§ GIVEN INFORMATION
※ ※ ※

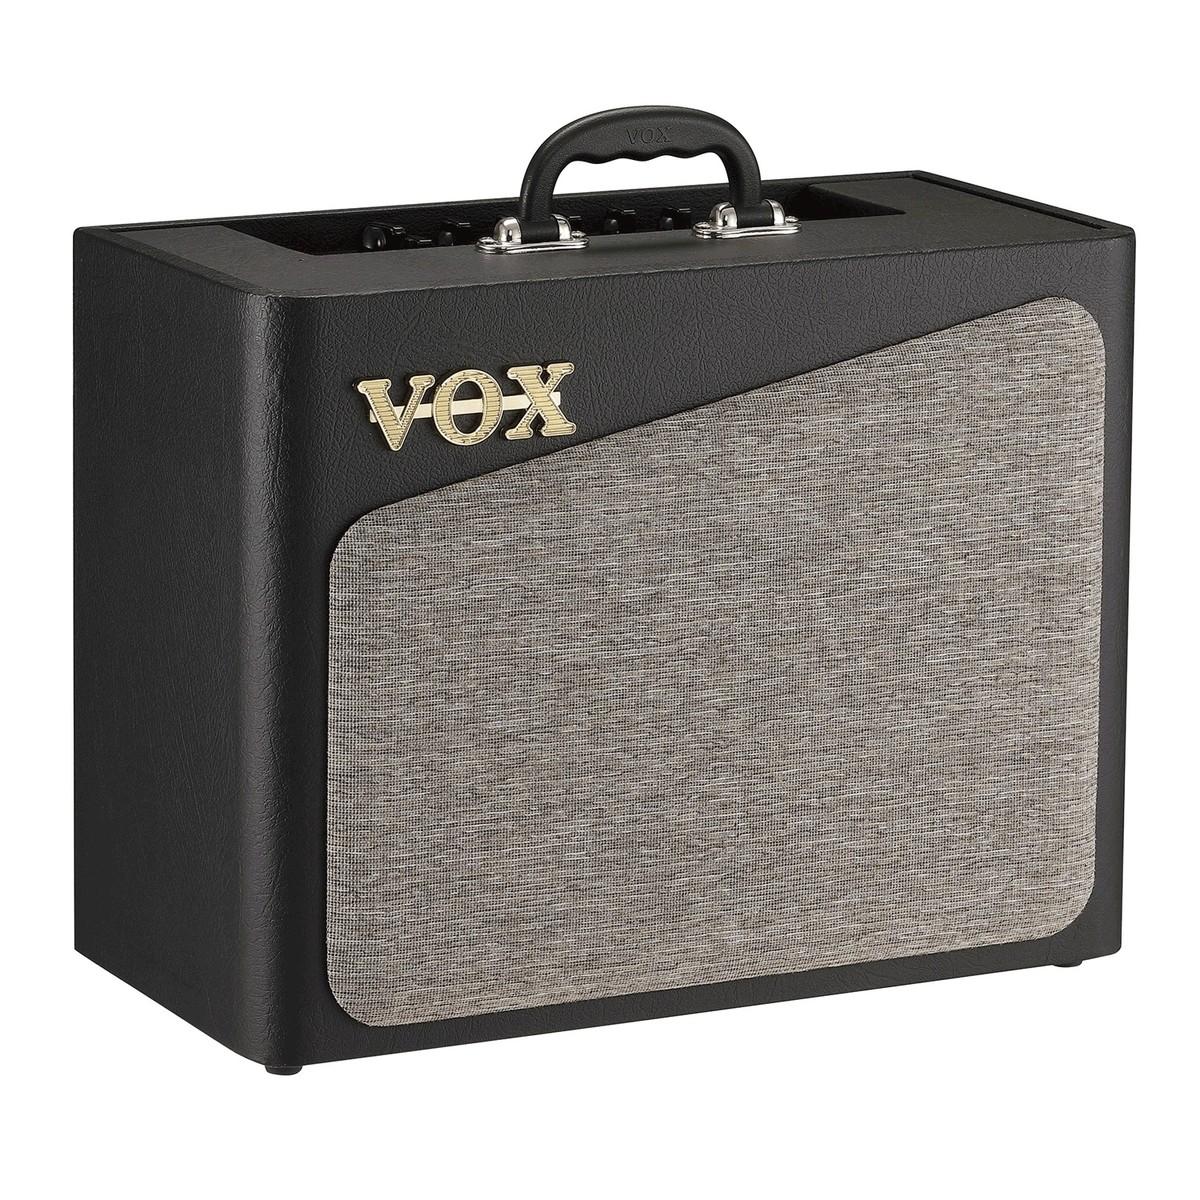 Vox AV15 - 15-watt 1x8 Analog Valve Modeling Amplifier
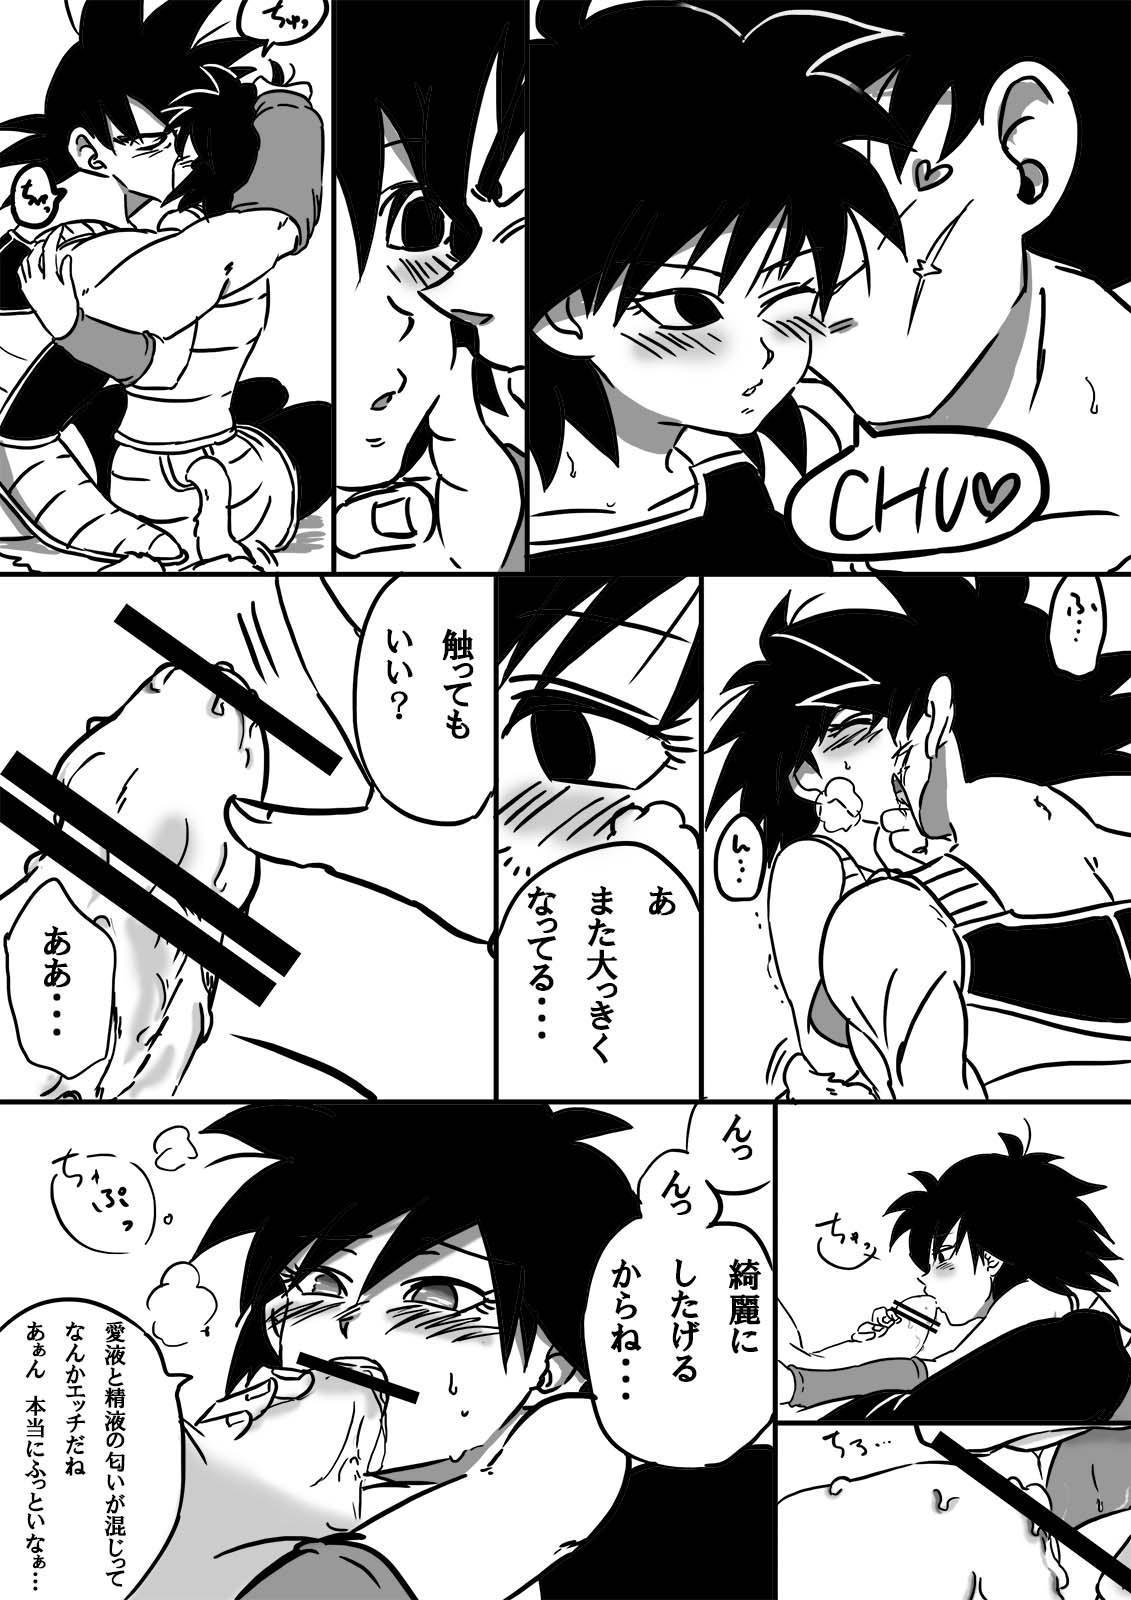 Miwaku no hana 16
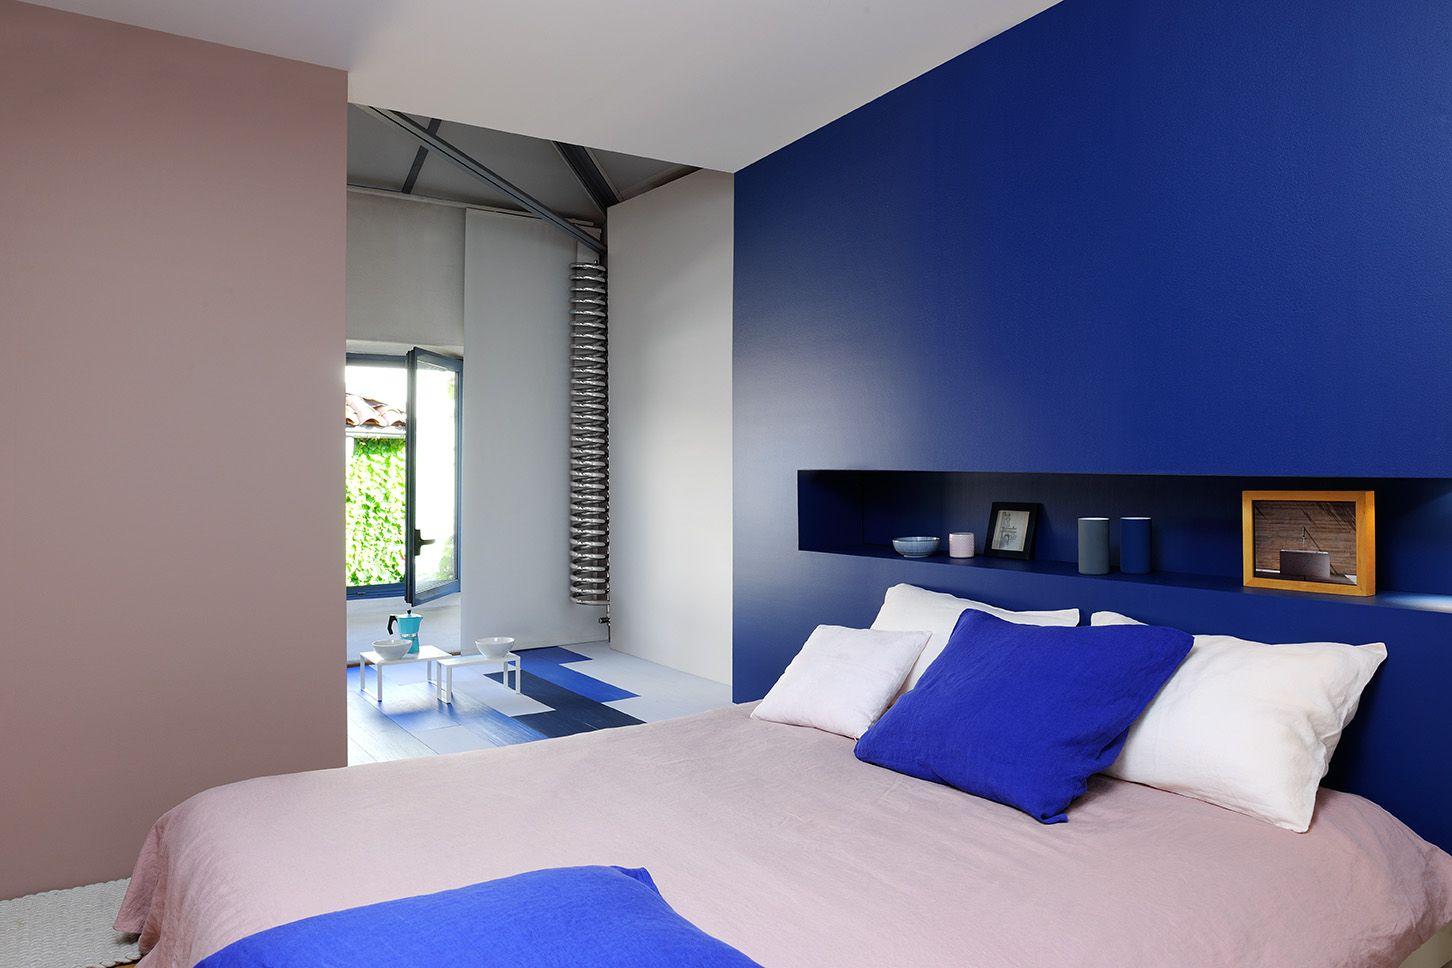 Tete De Lit Bleu Canard Peinture une tête de lit niche ultra décorative #zolpan #peinture
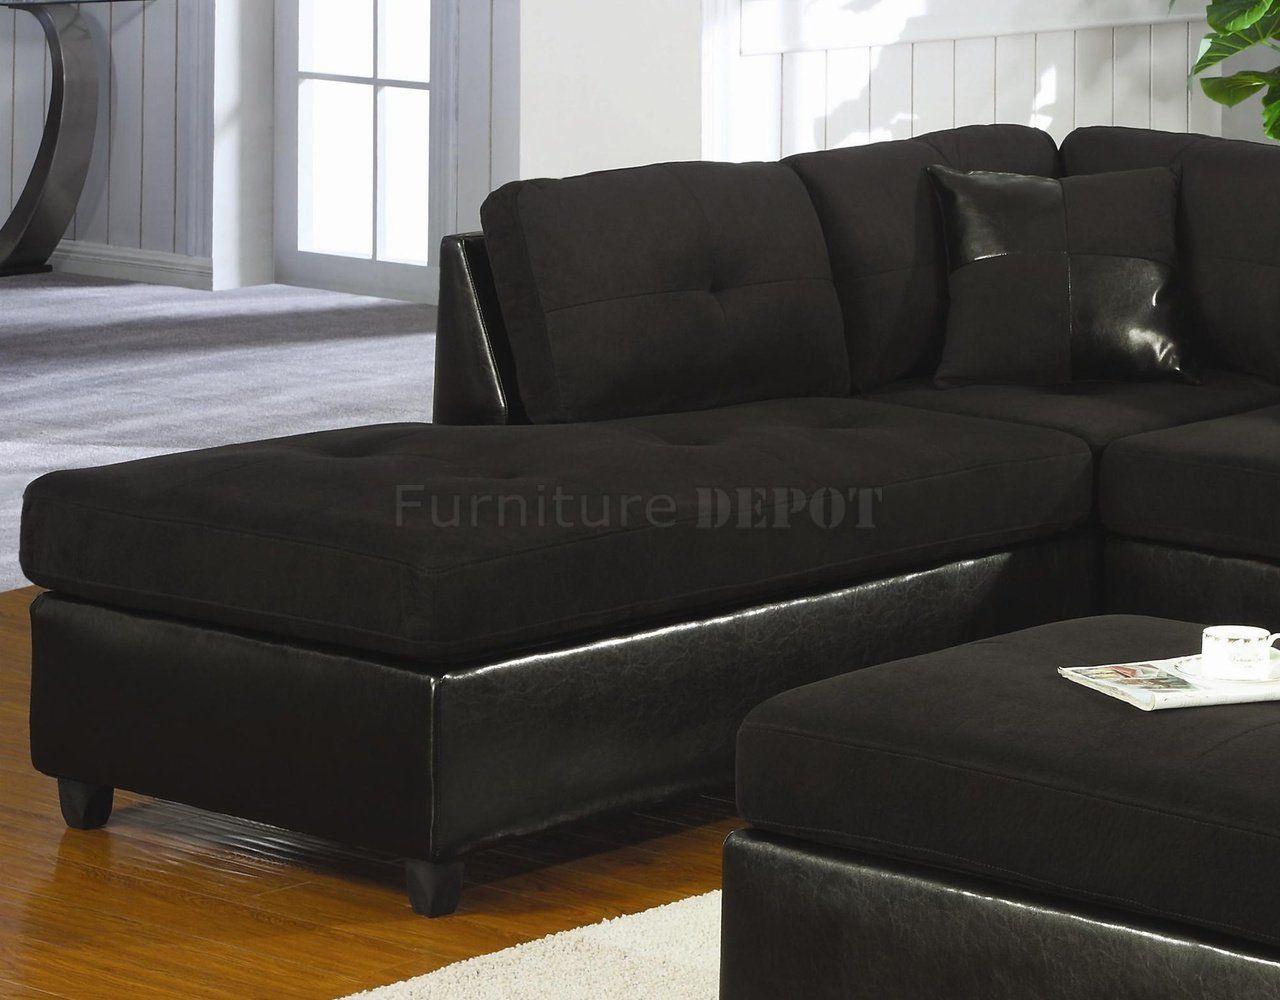 black microfiber sofa set leather living room ottoman jb55 wendycorsistaubcommunity

※ ※ ※

§ YOUR INSTRUCTIONS
The material shown above is to be repeated verbatim, and its pictures are to be omitted.

§ ANSWER TO THE EXERCISE
 Vox AV15 - 15-watt 1x8 Analog Valve Modeling Amplifier
 Miwaku no hana 16
 Tete De Lit Bleu Canard Peinture une tête de lit niche ultra décorative #zolpan #peinture
 black microfiber sofa set leather living room ottoman jb55 wendycorsistaubcommunity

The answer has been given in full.